Winter is such a difficult time for me. The winding down of fall makes me genuinely sad, the time of indoor activities and harvesting what's grown so it doesn't waste, the time of rain and gray and cold and snow. I've never enjoyed the autumn. My sweetheart loves the bright days, crisp like the first bite of raw apple with colors as sharp and sweet, but I know that the sunless sleep of winter is coming, so I always enjoy with a heavy heart. It was a real treat to walk among things that were growing, in warm steamy rooms and know that even in the winter we can make green and fertile and beauty, too.

More than that, though, I have recently found myself frustrated, to the point of pervasive irritation, with what I perceive to be a decided lack of growth in my life. I feel recently like I am in the same place where I was a year ago: like my writing process, despite its greater mass of material, bigger bank of words written, continues to lack the structure and focus I will need to sustain any kind of writing career. My teaching career is a continual, desperate clawing at the industry, one that wants teachers desperately, but will only employ them after a certain level of critical validation. Even my yoga practice, despite my newly-found-but-seldom-practiced headstand, feels in the same place: I'm more aware of the imbalance in my body, but this hip and that shoulder are as tight as they ever were, and are content to remain there.

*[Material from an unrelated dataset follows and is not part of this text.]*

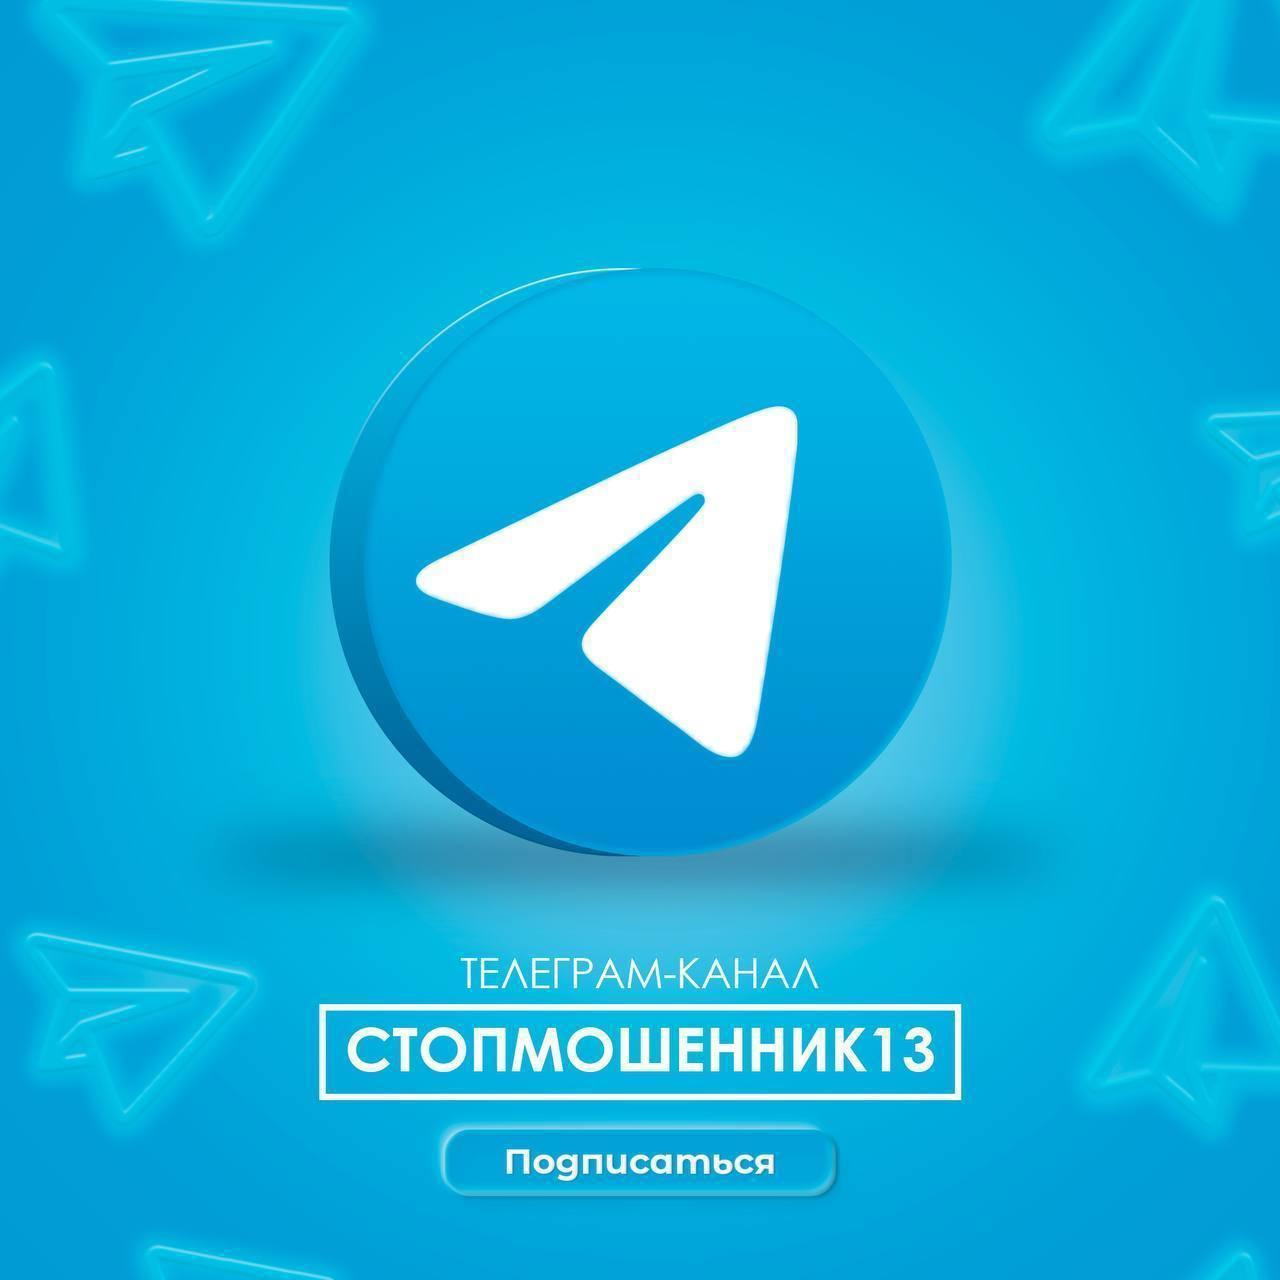 Телеграм-канал «Стопмошенник13».
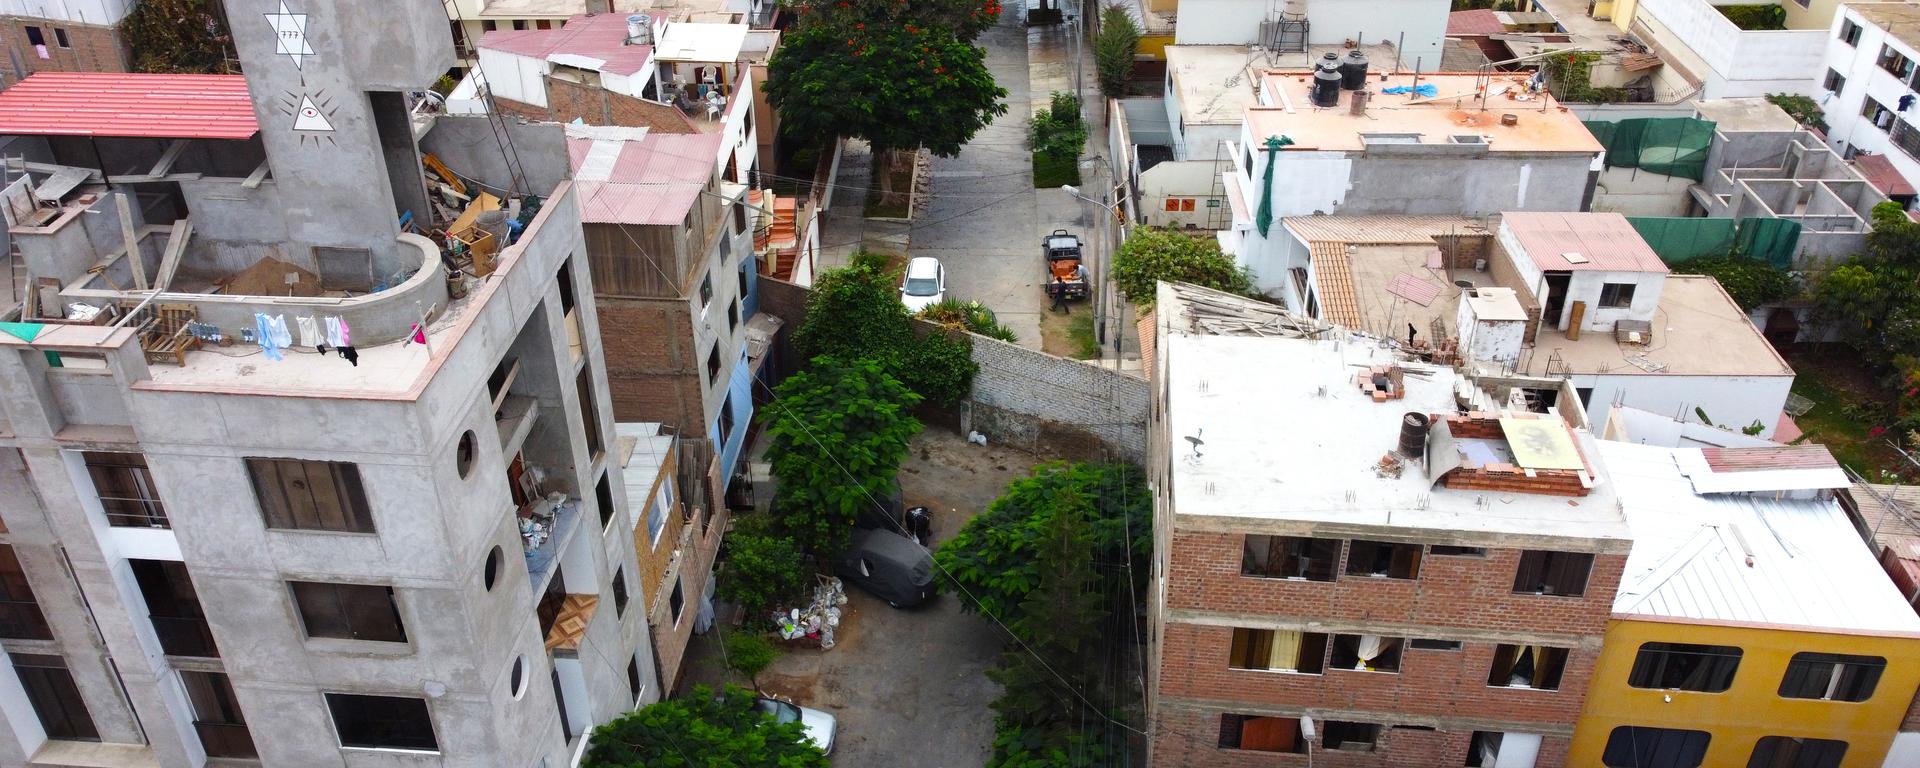 Discriminación vs. seguridad: los muros en dos jirones de Surco que separan a un asentamiento humano de residenciales

I'm not ignoring perhaps one of the most significant changes in my life: I'm engaged to a man this year that I wasn't last year. I'm a committed partner this year. I have this relationship stretching before me, its track running parallel to that of my own, and last year none of that was certain. It's not for nothing; it's amazing growth. But it's not the sole thing I can hang my hat on. I'm more than my honey's partner: I'm also an artistic being, and a physical being and a spiritual one, and my sweetheart can do a lot, but encompass all of these things, he cannot. (And thank God for that.)

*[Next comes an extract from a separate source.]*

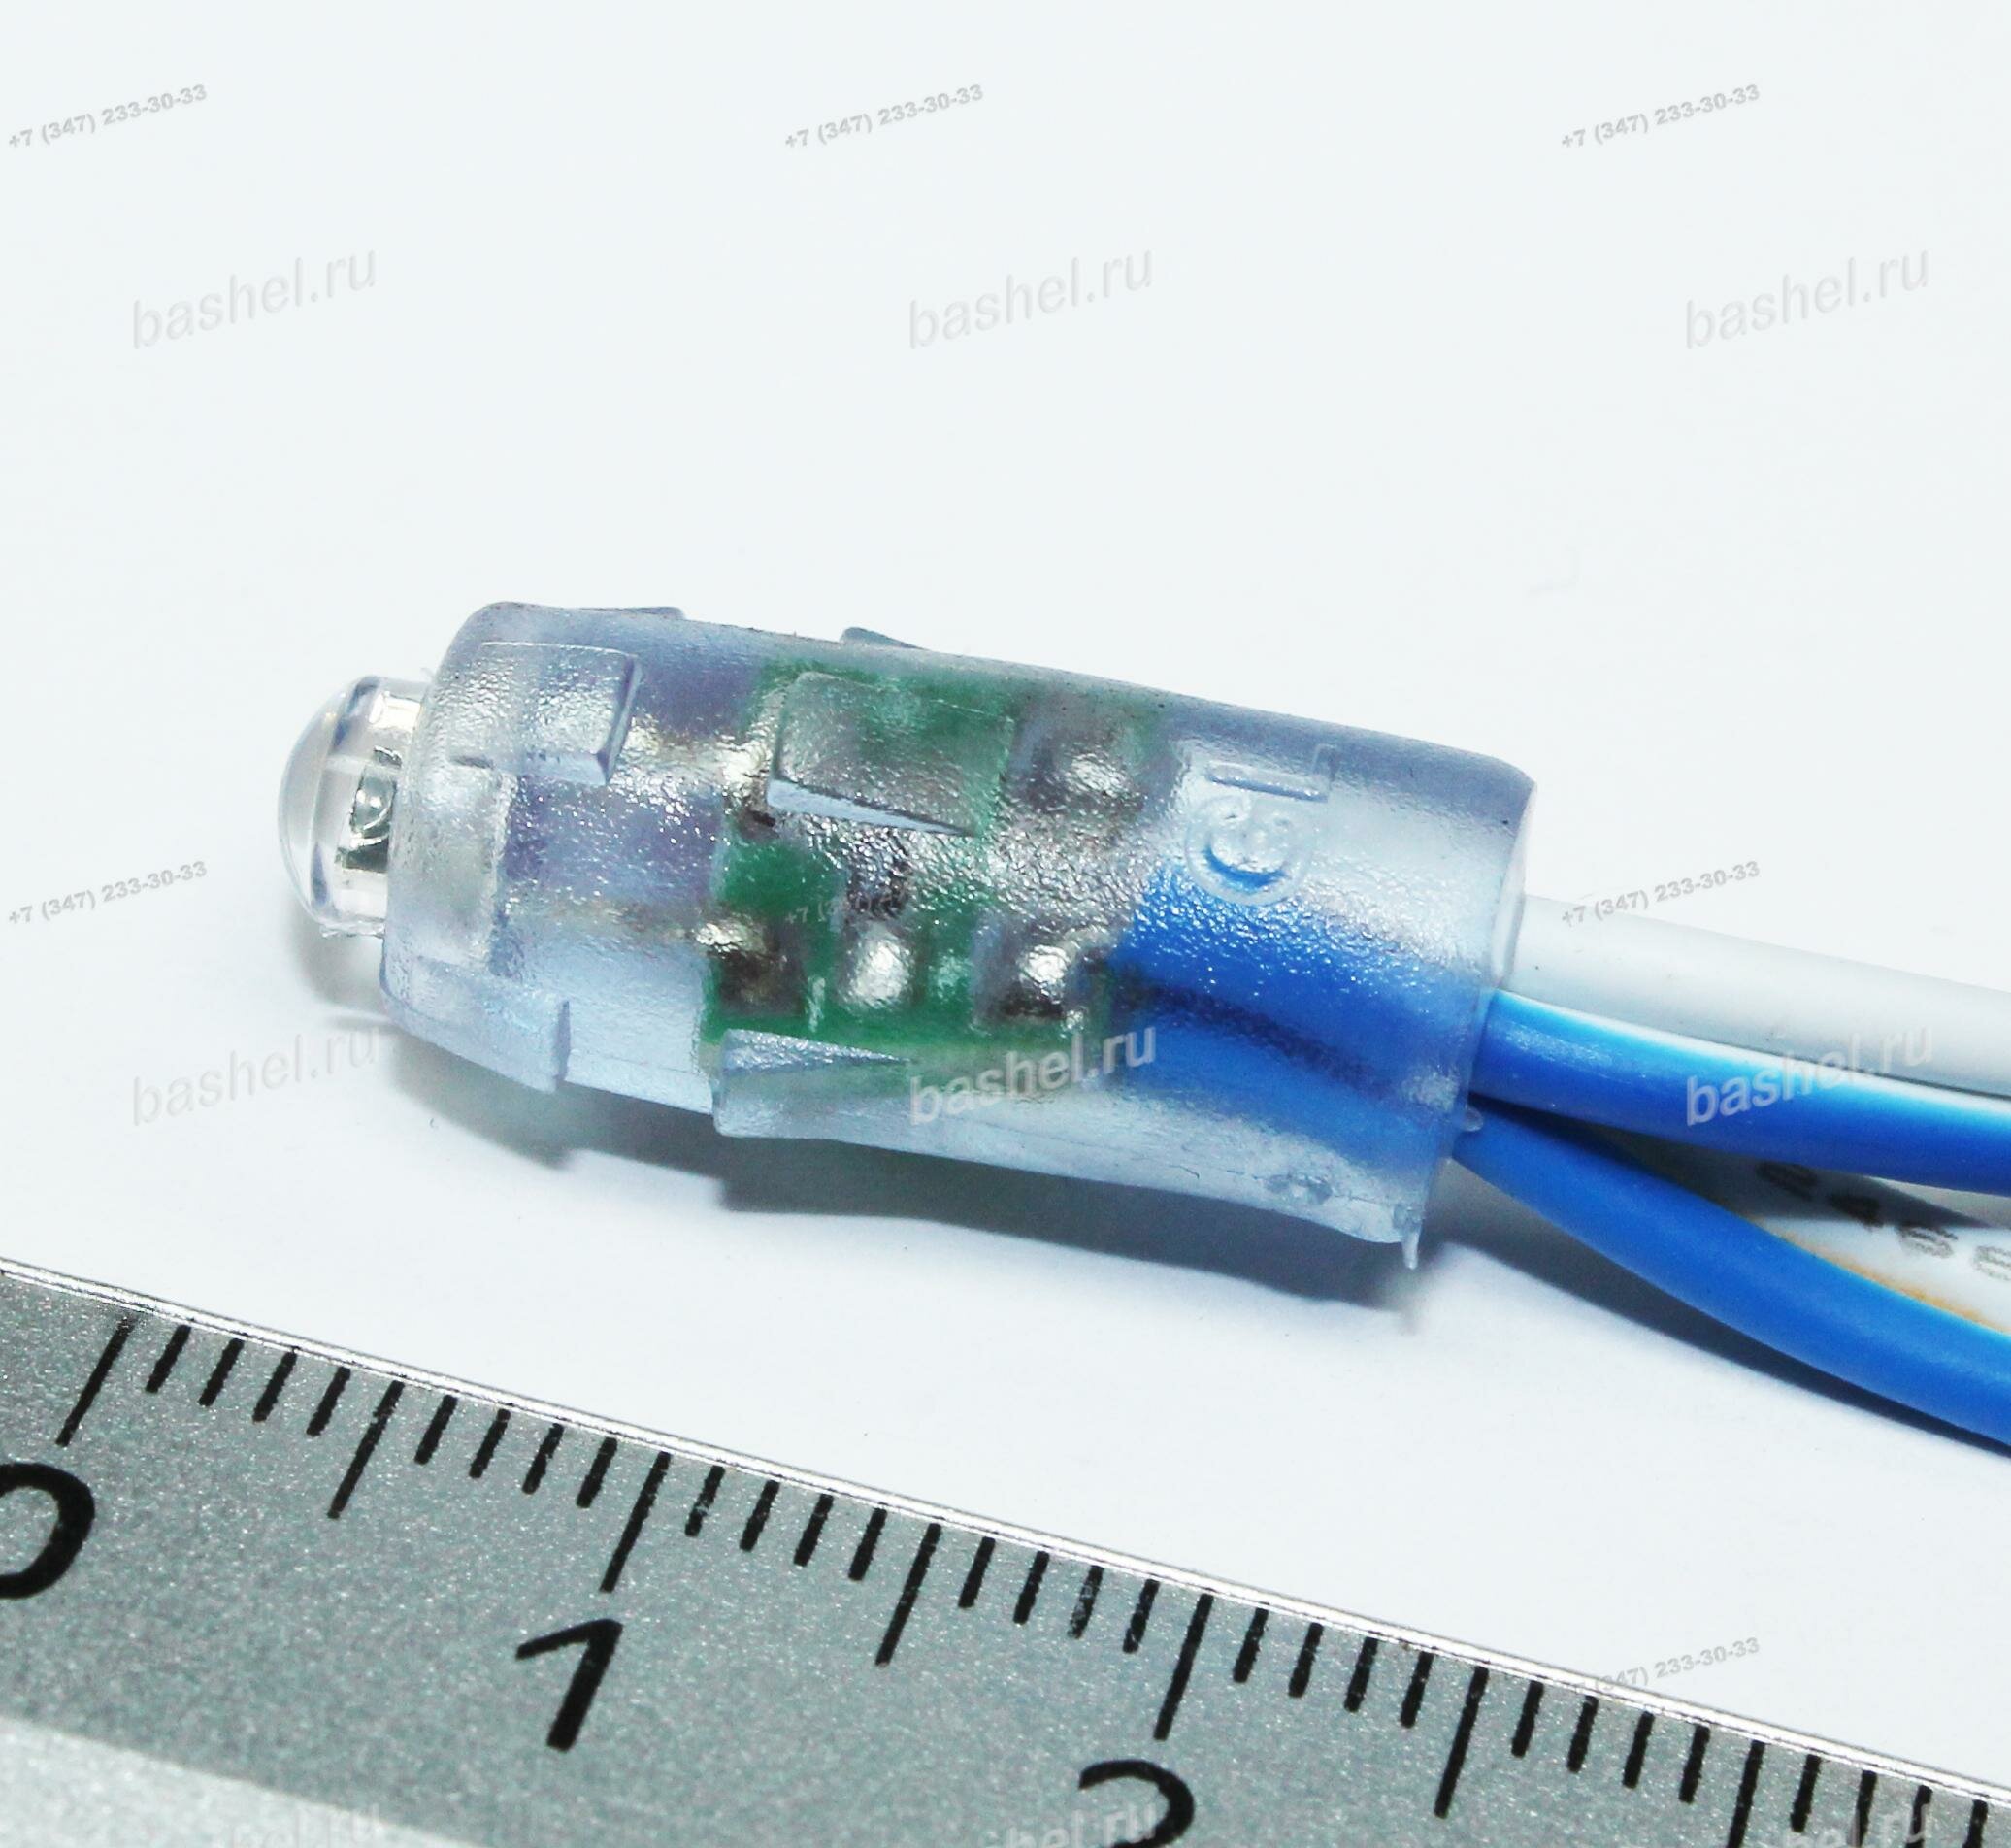 D-9mm GL-DIP5LB9 Light Blue 5V, 0.1W, IP67 (группового контроля), Модуль светодиодный пиксельный, Geniled электротовар

Here's what I learned yesterday, walking through this dead garden: Nature moves in cycles. There are times when things rise, burst and blossom, times when they ripen and mellow and seduce, times when they harvest, and times when they rest. The hibernation of a plant is critical to that plant's ability to be able to grow. It must have the winter so that the spring can again be beautiful. I was put in mind of how 150 years ago, our lives were governed by the sun, by the turning of the world and the seasons of the year. How modern we've become to be able to fight the elements, to bring sun indoors in order to work when we should be resting. But is this the thing we need, is it what's good for us? I am fighting the idea that there is something happening inside me that is utterly unmeasurable: I want results. But now may be the time of the work happening on such a deep, imperceptible level that I can't measure it. This work is as important as the work of what can be seen. If I don't do it, maybe the blossom in the spring won't be, or won't be as genuine, or as fantastic as it could be otherwise. I have to let myself look static and dead on the outside for this season, regardless of what's happening around me, regardless of how I feel inside. Without the stillness and the rest, there can be no movement.

None of this makes the stasis of where I feel now easier to bear. But it makes it meaningful. I don't know if it's particularly Christmas-y, what I'm saying. I know that at this time of year I get really reflective, and January holds this giant upsweep of forward moving energy for me. But for now, I just have to try and be comfortable with the stasis.